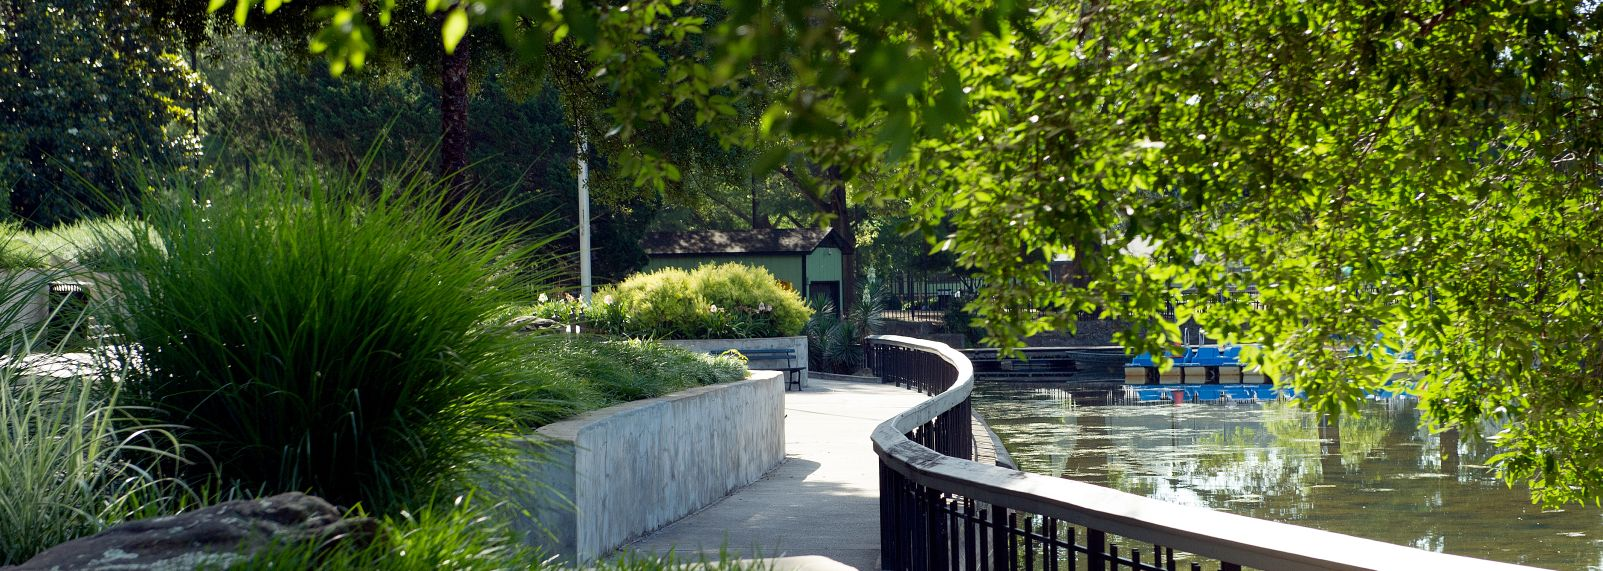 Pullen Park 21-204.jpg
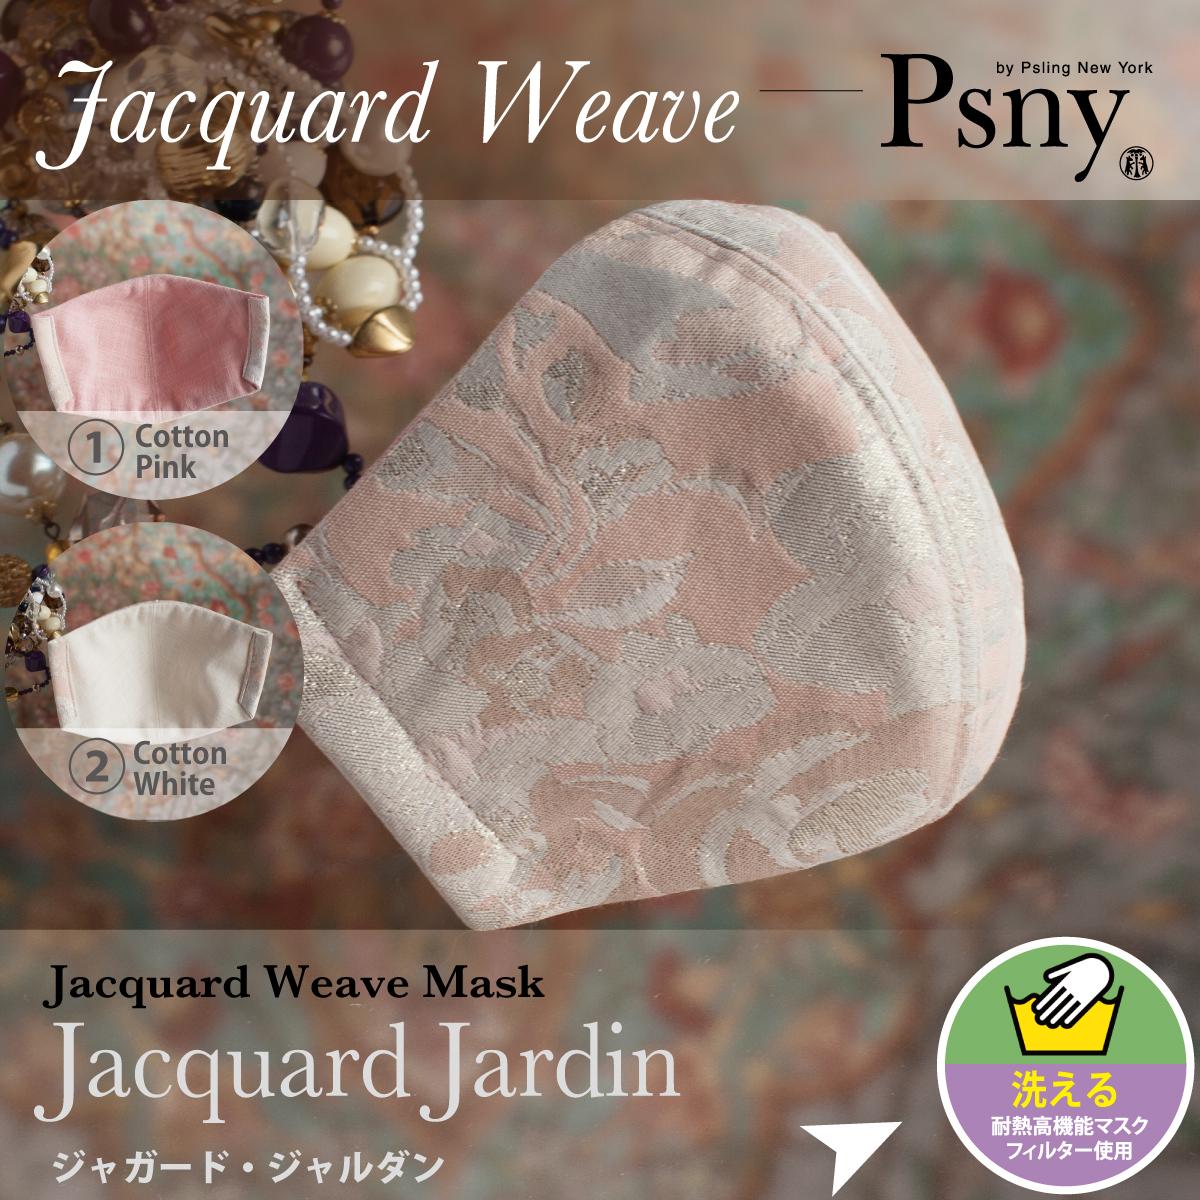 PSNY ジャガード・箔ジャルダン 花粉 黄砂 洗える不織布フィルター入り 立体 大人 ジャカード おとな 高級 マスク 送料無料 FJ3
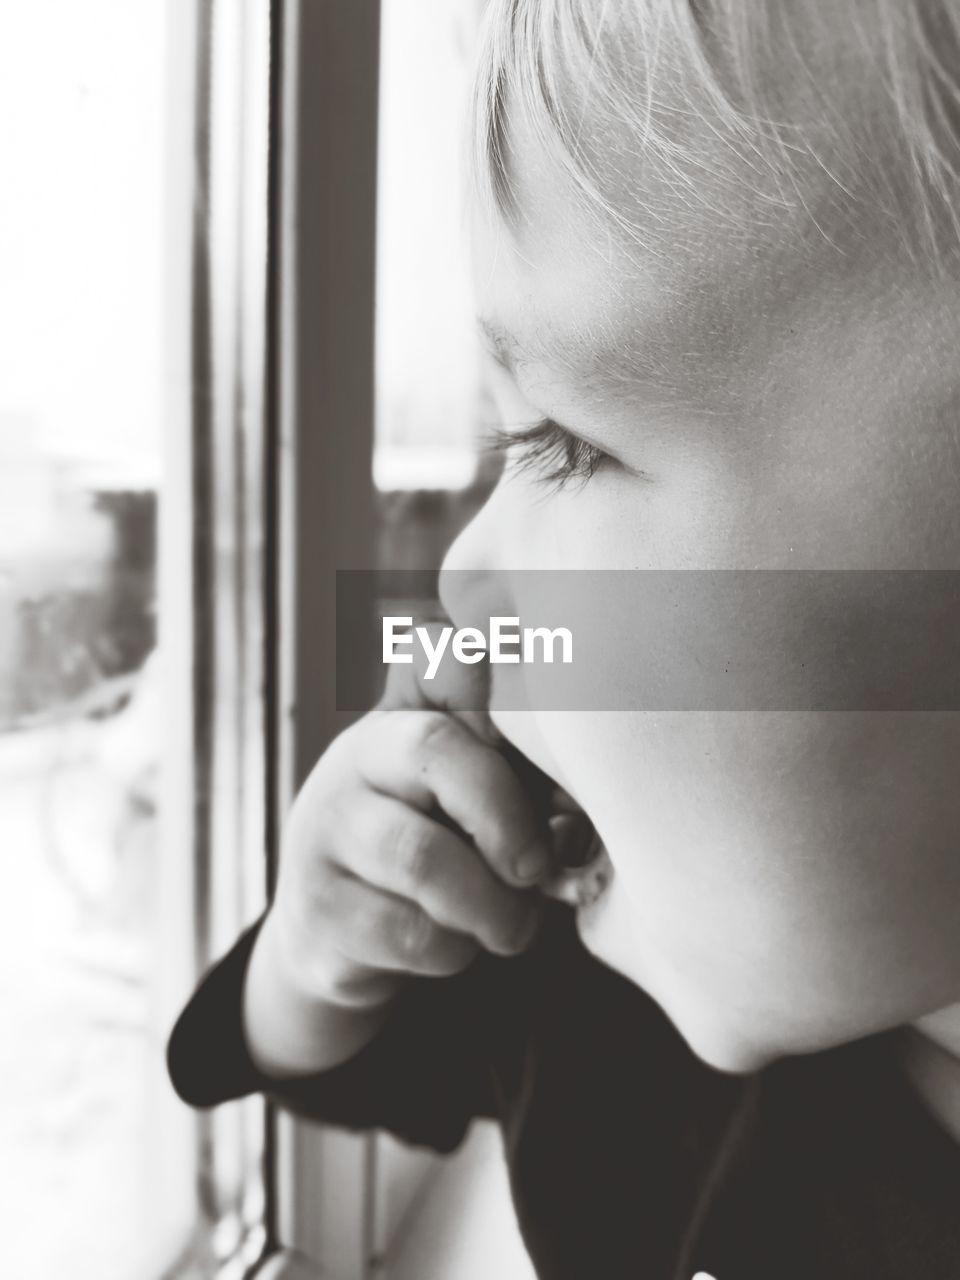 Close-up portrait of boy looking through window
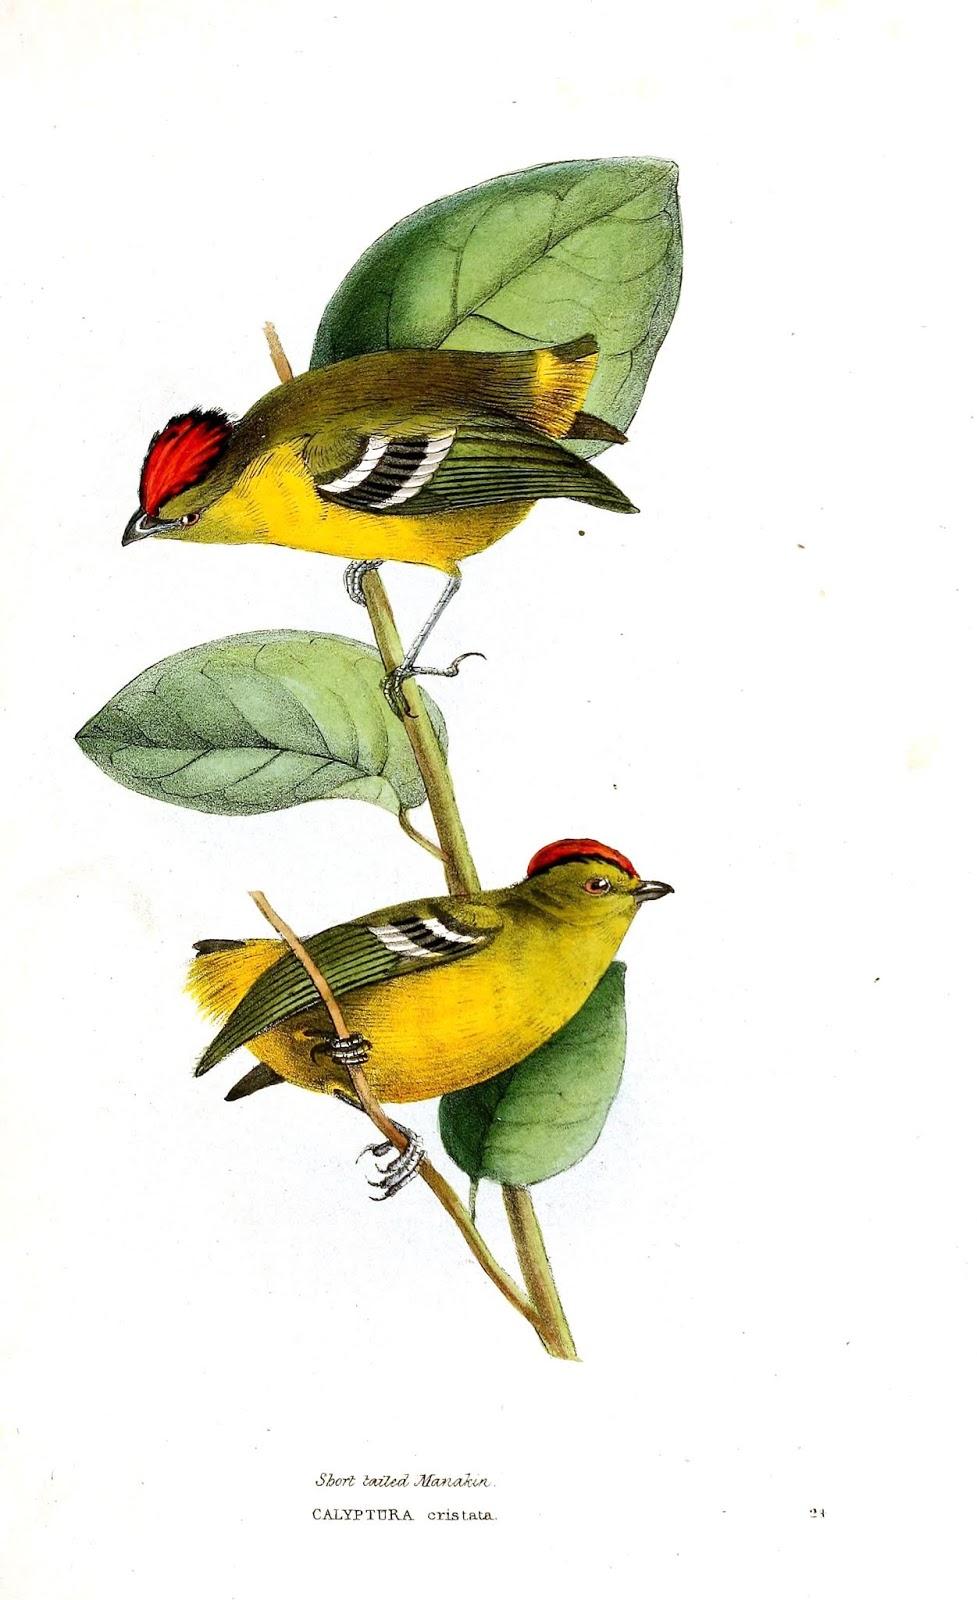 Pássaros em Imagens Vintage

__Prompt__: An exact repetition of the listing is needed, with the pictures dropped.

__Reply to the task__:
 Pullen Park 21-204.jpg
 PSNY ジャガード・箔ジャルダン 花粉 黄砂 洗える不織布フィルター入り 立体 大人 ジャカード おとな 高級 マスク 送料無料 FJ3
 Close-up portrait of boy looking through window
 Pássaros em Imagens Vintage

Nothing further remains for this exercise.